I had never in my life conceived that there was something very important that I didn’t know about such a simple thing as neatly storing a hose after use, and that kind of view is just the view of “authorities” when it comes to their “understanding” of citizenship. They think it is something so simple that there isn’t anything that they don’t know because place-of-birth-determined citizenship seems like a perfectly natural means of ascribing it, and yet they don’t know the important elements that go into the very basis of citizenship, being unaware of a factor that greatly complicates such a simple thing, namely the presence of illegal aliens having babies, along with the counterfeiting of birth certificates for the foreign born.
The government encourages that excess fiber-optic cable be stored in a figure-eight manner, which is the smart thing to do, but fails to require that the same sanity be implemented in regard to the basis of citizenship even though there is no legal grounds for following the unprincipled policy that it adheres to. Some old dogs cannot learn new tricks.
I once employed the nearby hose of my father’s mobile home neighbor, and thought I’d do him a favor and curl it back up when done in a figure-eight pattern. Next time I saw that hose, it was curled up in the old circular pattern. Lesson: not learned. The neighbor, like myself, had never seen such a pattern for hose storage and so he went on his way by following what had always been the pattern used all of his life, even though in fact it contains a serious flaw. And that is just what the government does when it comes to babies of illegal aliens and foreign visitors, such as the father of Barack Obama.
Nothing in United States law or Supreme Court holdings requires that they continue with their flawed and incorrect policy, but it is the way that things have always been done, just like with “good fences make good neighbors”. No one has to think about it because it is a “settled” issue.
The British Admiralty had a settled issue regarding the seamen that manned its vast fleet. It was a policy of not supplying them with citrus fruit, like lemons and limes, while on long, long voyages at sea.
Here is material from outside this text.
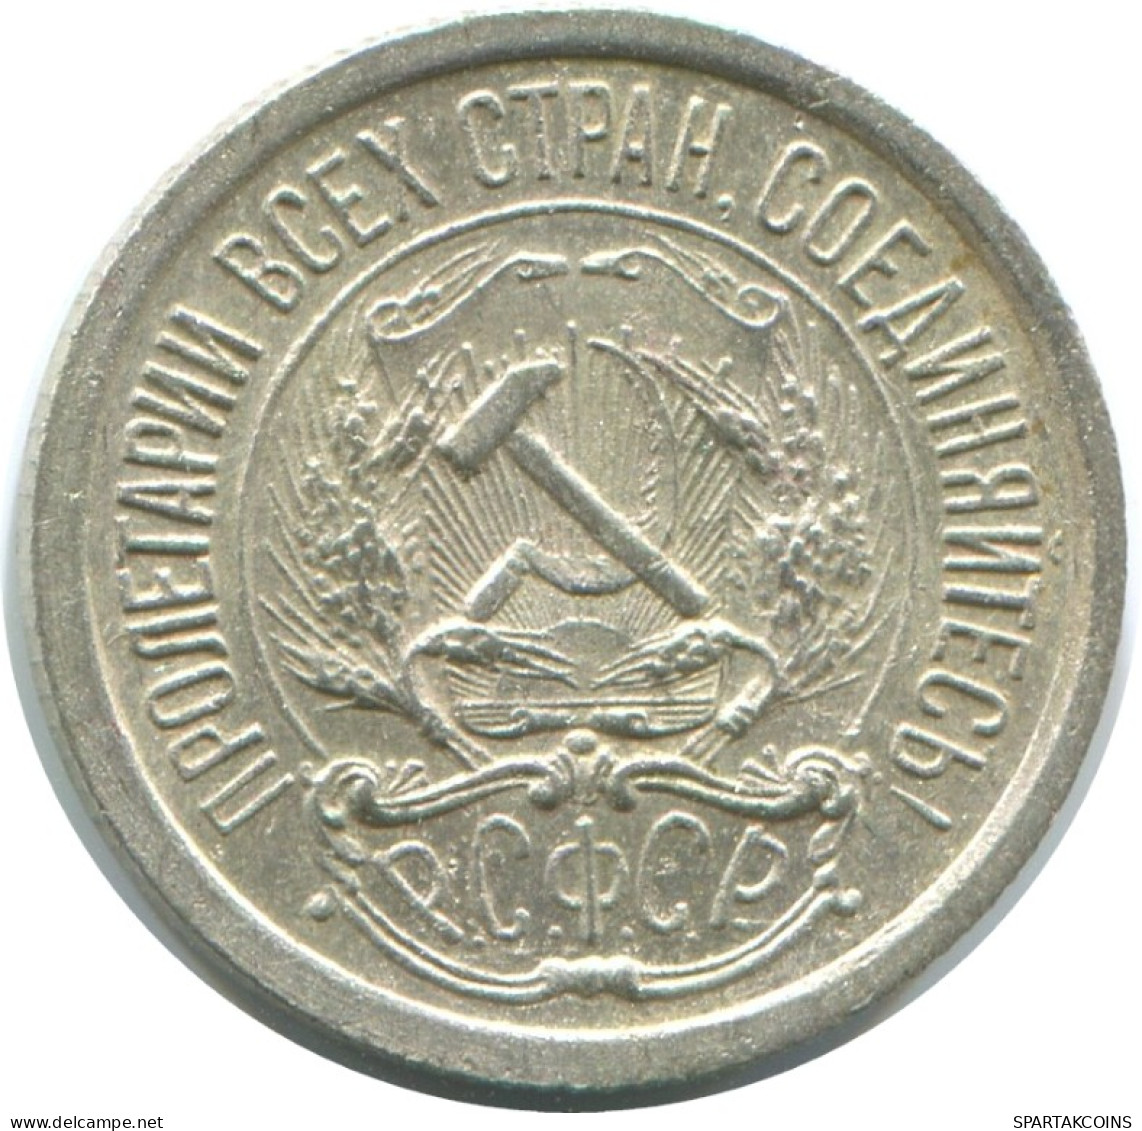 10 KOPEKS 1923 RUSSIA RSFSR SILVER Coin HIGH GRADE #AE918.4.U.A - Russie
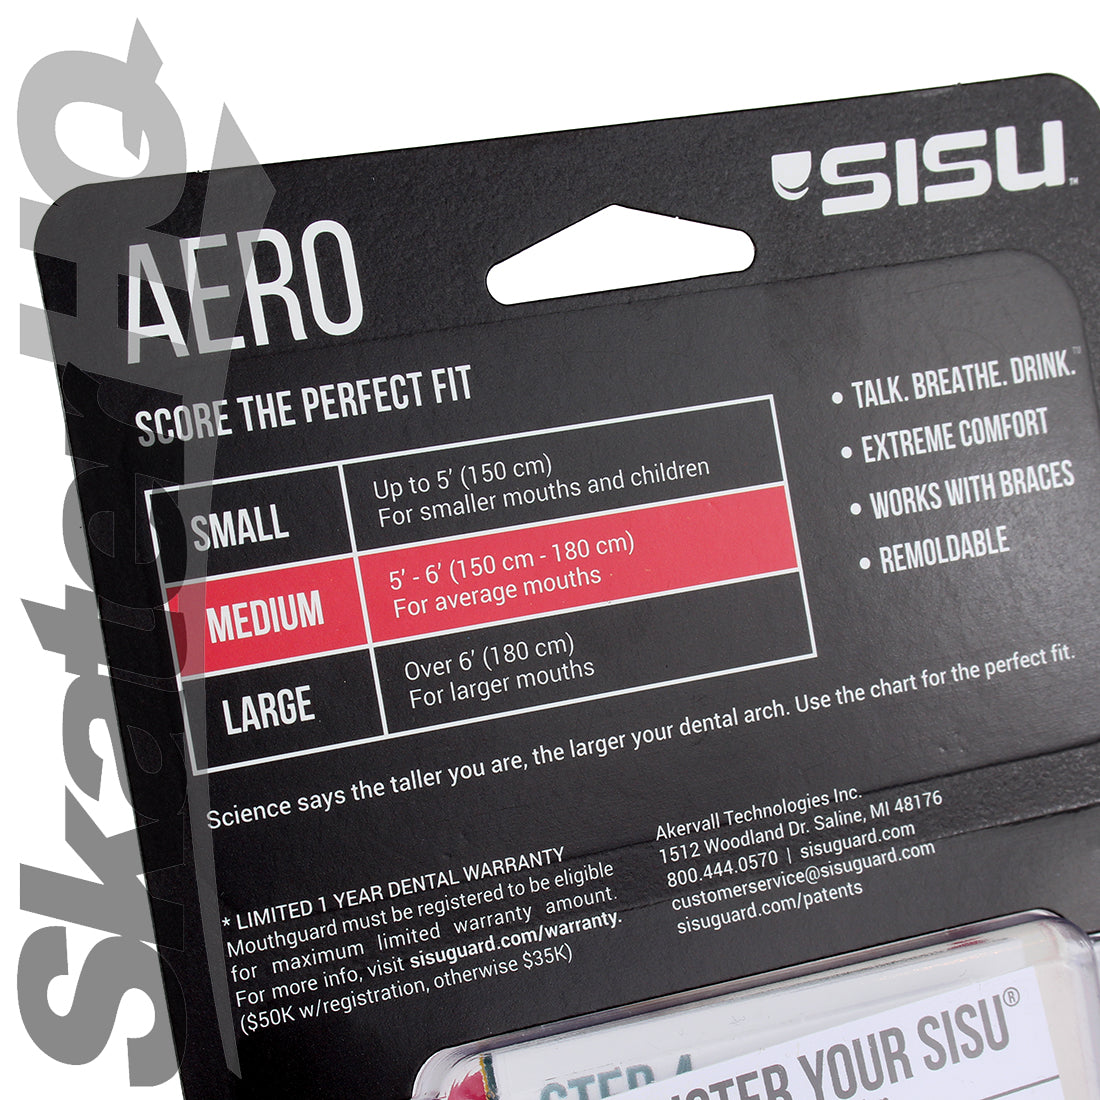 SISU AERO Mouthguard 1.6 Medium - Hot Pink Protective Mouthguards

One doctor told them that he had discovered that citrus fruit prevents scurvy, which racked the entire long-voyage fleet (due to lack of something unseen and unknown; Vitamin C).
He was dismissed as a kook by the haughty and prideful oligarchs of the fleet, since no one had ever heard of such a thing (-therefore how could it be true?). Consequence: sailors continued to suffer and die by the hundreds of thousands for two hundred years longer until the truth was finally acknowledged and imposed on the entire fleet, resulting in British sailors being nick-named “Limeys”.
So far, we as Americans have ignorantly adhered to a policy put in place in 1898 by a confused Attorney General who presumed that the Supreme Court had ruled that children of aliens, if born in the U.S., are U.S. citizens, when in fact all that they ruled was that native-born children of immigrants are U.S. citizens. Not all aliens are immigrants and so children born to them on U.S. soil are not covered by that ruling regarding the meaning of the 14th Amendment citizenship clause: “All persons born or naturalized in the United States, and subject to the jurisdiction thereof, are citizens of the United States, and the state wherein they reside.”
So, over one hundred years later we are still saddled with the policy ignorantly put in place by that Attorney General, and left to wonder if, like with the British Admiralty, it will take a full two centuries before it is corrected. I don’t know about you, but to me that seems like too long to wait. We might all be dead by then (-along with the free and independent United States of America).